Li Xinda, Palkovics Dániel, Windisch Péter, Perić Kačarević Željka, Horváth Attila
Department of Periodontology, Semmelweis University, 1088 Budapest, Hungary.
Biomedicines. 2025 Mar 27;13(4):806. doi: 10.3390/biomedicines13040806.
Ensuring a minimum peri-implant keratinized mucosa width (PIKM-W) is critical for maintaining dental implant health, as inadequate PIKM-W is associated with increased risks of plaque accumulation, mucosal inflammation, and peri-implantitis. While epithelialized connective tissue grafts (ECTGs) are considered the gold standard for soft tissue augmentation, they often lead to significant patient morbidity. Xenogeneic dermal matrices (XDMs) offer a less invasive alternative, but are prone to shrinkage, particularly in the mandible. The aim of this study was to evaluate a new surgical method to overcome these limitations with the combination of a narrow band of ECTG (autogenous strip graft, ASG) and an XDM to augment the PIKM-W in the posterior mandible. Twelve patients with a PIKM-W of less than 2 mm in the mandible underwent peri-implant soft tissue augmentation using this combined approach. Changes in the PIKM-W were measured preoperatively; immediately postoperatively; and at 1, 3, 6, 9, and 12 months. Graft remodeling (shrinkage or contraction) and PIKM thickness (PIKM-T) were also evaluated over time. Preoperatively, the mean PIKM-W was 0.39 ± 0.40 mm and the PIKM-T was 1.36 ± 0.43 mm. At 6 months, the mean PIKM-W was 4.93 ± 0.98 mm and the PIKM-T was 2.88 ± 0.80 mm, with shrinkage of 39.2 ± 14.1%. By 12 months, the mean PIKM-W stabilized at 4.58 ± 1.28 mm and the PIKM-T stabilized at 2.83 ± 0.65 mm, with shrinkage of 42.2% ± 16.8%. There were statistically significant differences in clinical parameters between the baseline and 6 and 12 months ( < 0.05). This technique demonstrated the potential for stable augmentation of PIKM-W and PIKM-T over time, with manageable shrinkage. However, further studies with larger sample sizes are needed to confirm its clinical efficacy as an alternative for mandibular keratinized mucosa augmentation around implants.
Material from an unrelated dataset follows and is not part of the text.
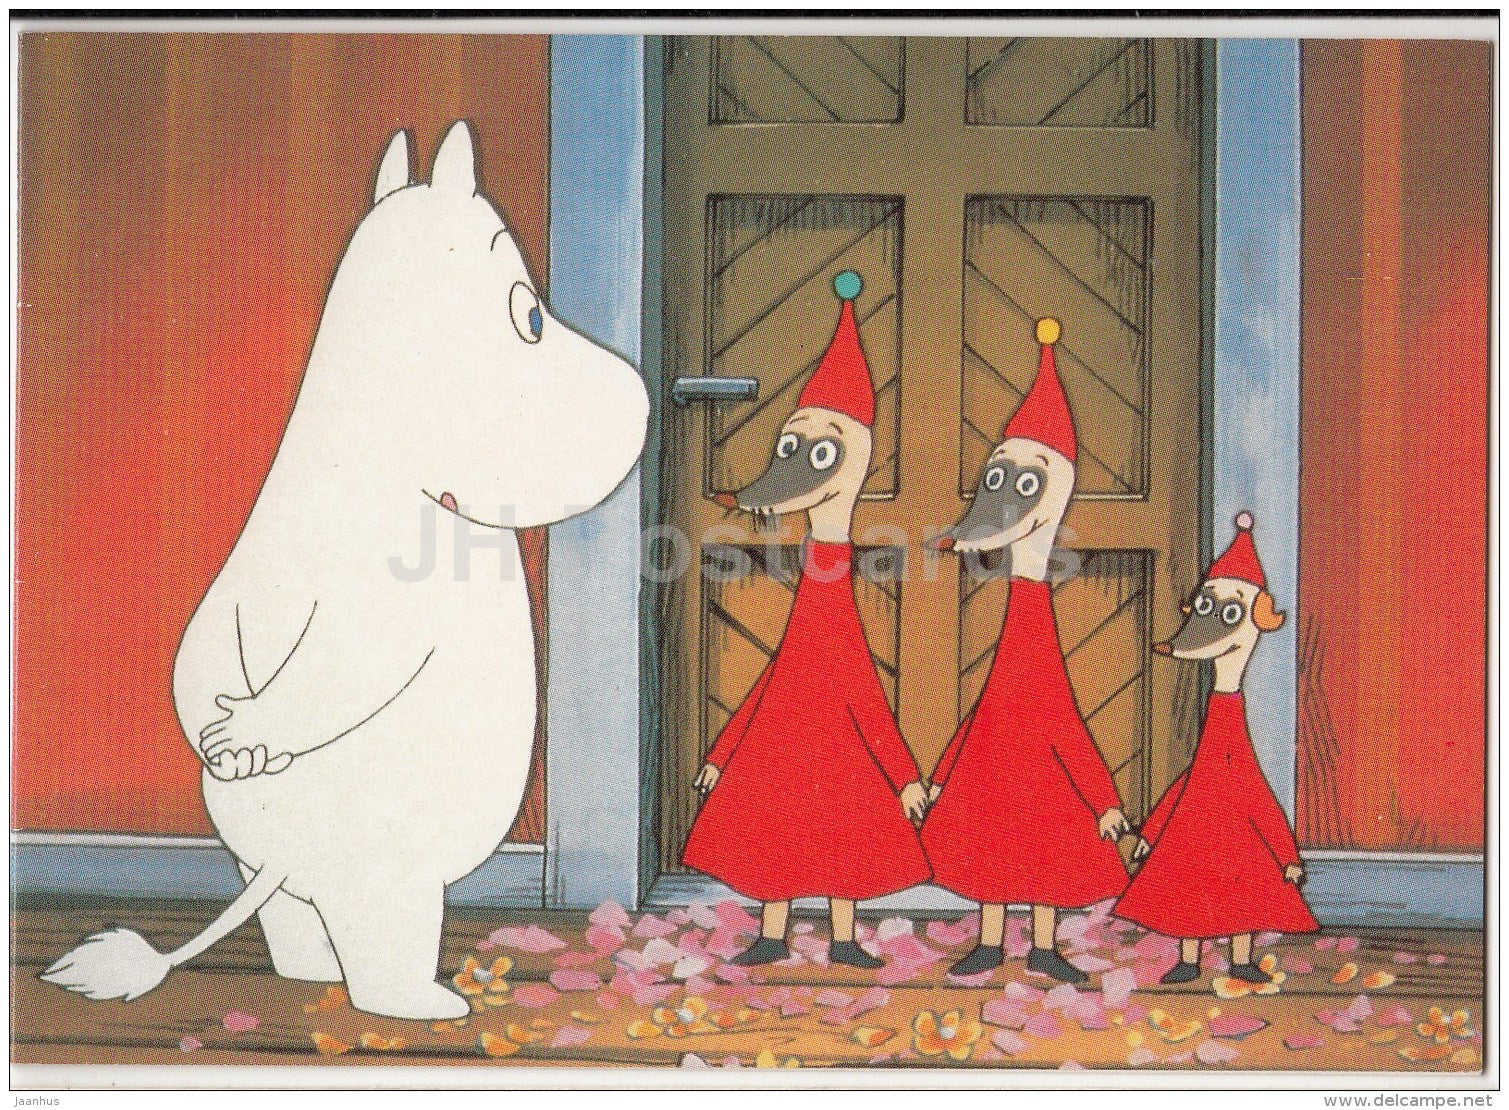 MOOMIN - TALES FROM MOOMINVALLEY
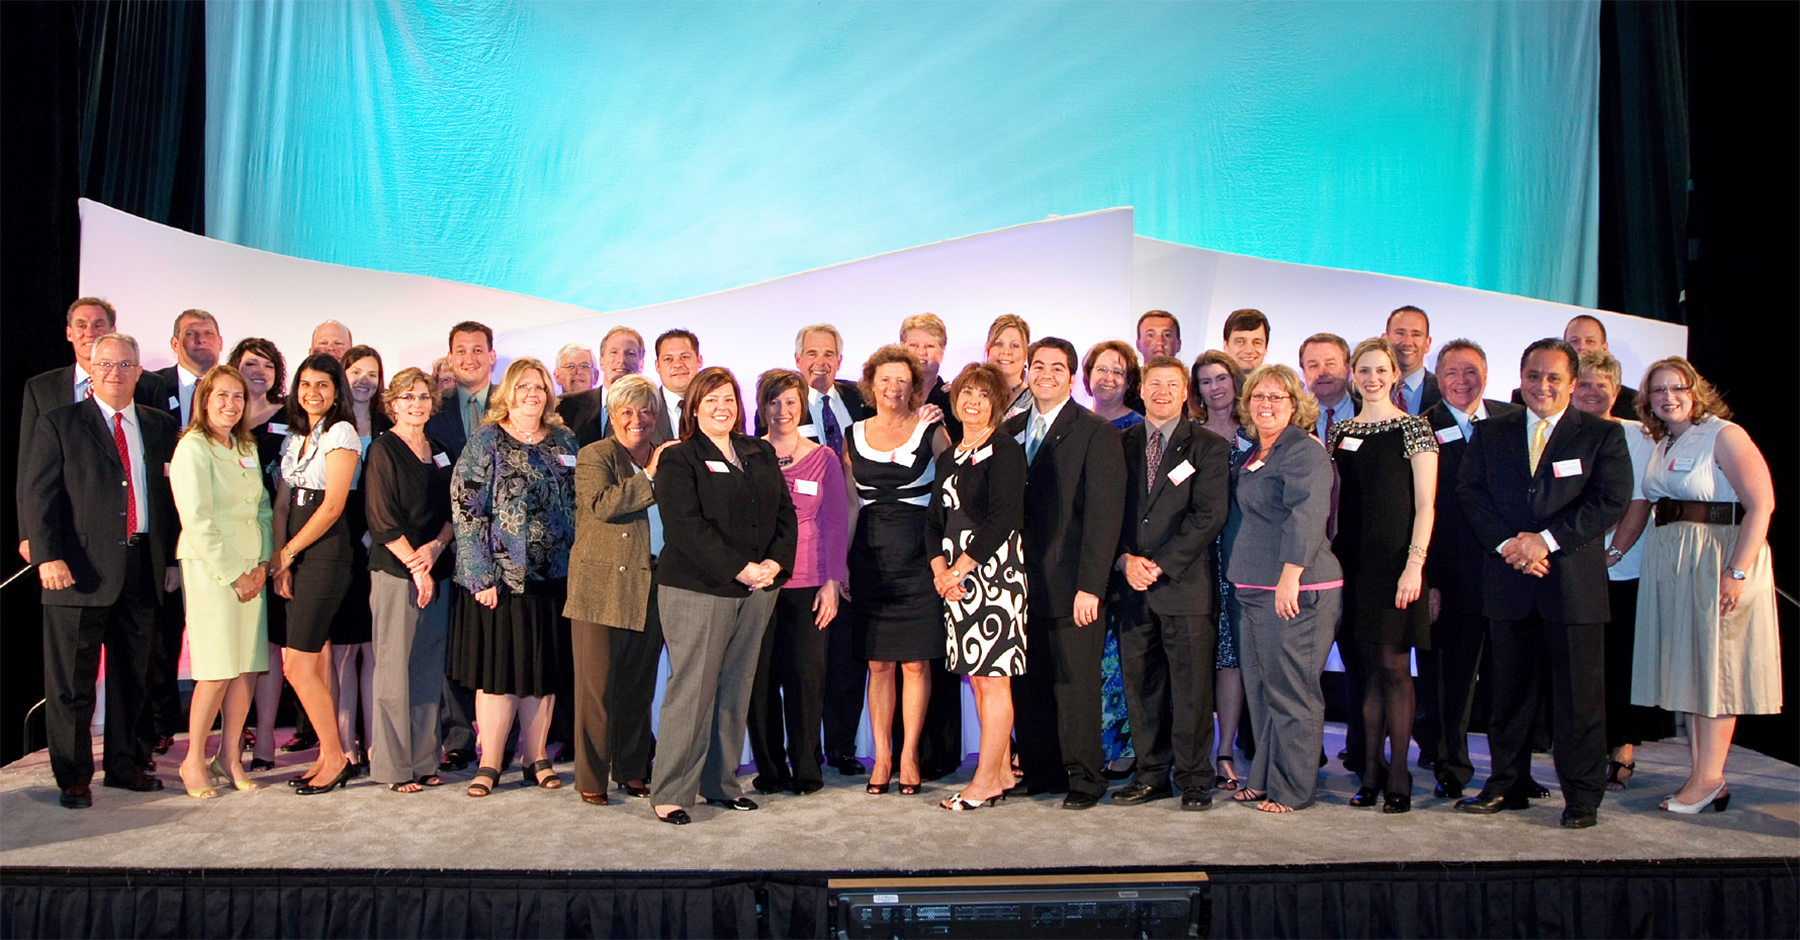 Group picture of Illinois Mutual employees celebrating the Company’s 100th anniversary.

确保种植体周围角化黏膜宽度(PIKM-W)达到最小值对于维持牙种植体健康至关重要,因为PIKM-W不足与菌斑堆积、黏膜炎症及种植体周围炎风险增加相关。虽然上皮化结缔组织移植(ECTG)被认为是软组织增量的金标准,但它们常常导致患者出现明显的发病率。异种真皮基质(XDM)提供了一种侵入性较小的替代方法,但容易收缩,尤其是在下颌骨。本研究的目的是评估一种新的手术方法,通过结合窄带ECTG(自体条带移植,ASG)和XDM来克服这些局限性,以增加下颌骨后部的PIKM-W。12例下颌骨PIKM-W小于2mm的患者采用这种联合方法进行种植体周围软组织增量。在术前、术后即刻以及术后1、3、6、9和12个月测量PIKM-W的变化。还随时间评估移植物重塑(收缩或挛缩)和PIKM厚度(PIKM-T)。术前,平均PIKM-W为0.39±0.40mm,PIKM-T为1.36±0.43mm。在6个月时,平均PIKM-W为4.93±0.98mm,PIKM-T为2.88±0.80mm,收缩率为39.2±14.1%。到12个月时,平均PIKM-W稳定在4.58±1.28mm,PIKM-T稳定在2.83±0.65mm,收缩率为42.2%±16.8%。基线与6个月和12个月时的临床参数存在统计学显著差异(<0.05)。该技术显示出随着时间的推移稳定增加PIKM-W和PIKM-T的潜力,且收缩可控。然而,需要更大样本量的进一步研究来证实其作为种植体周围下颌角化黏膜增量替代方法的临床疗效。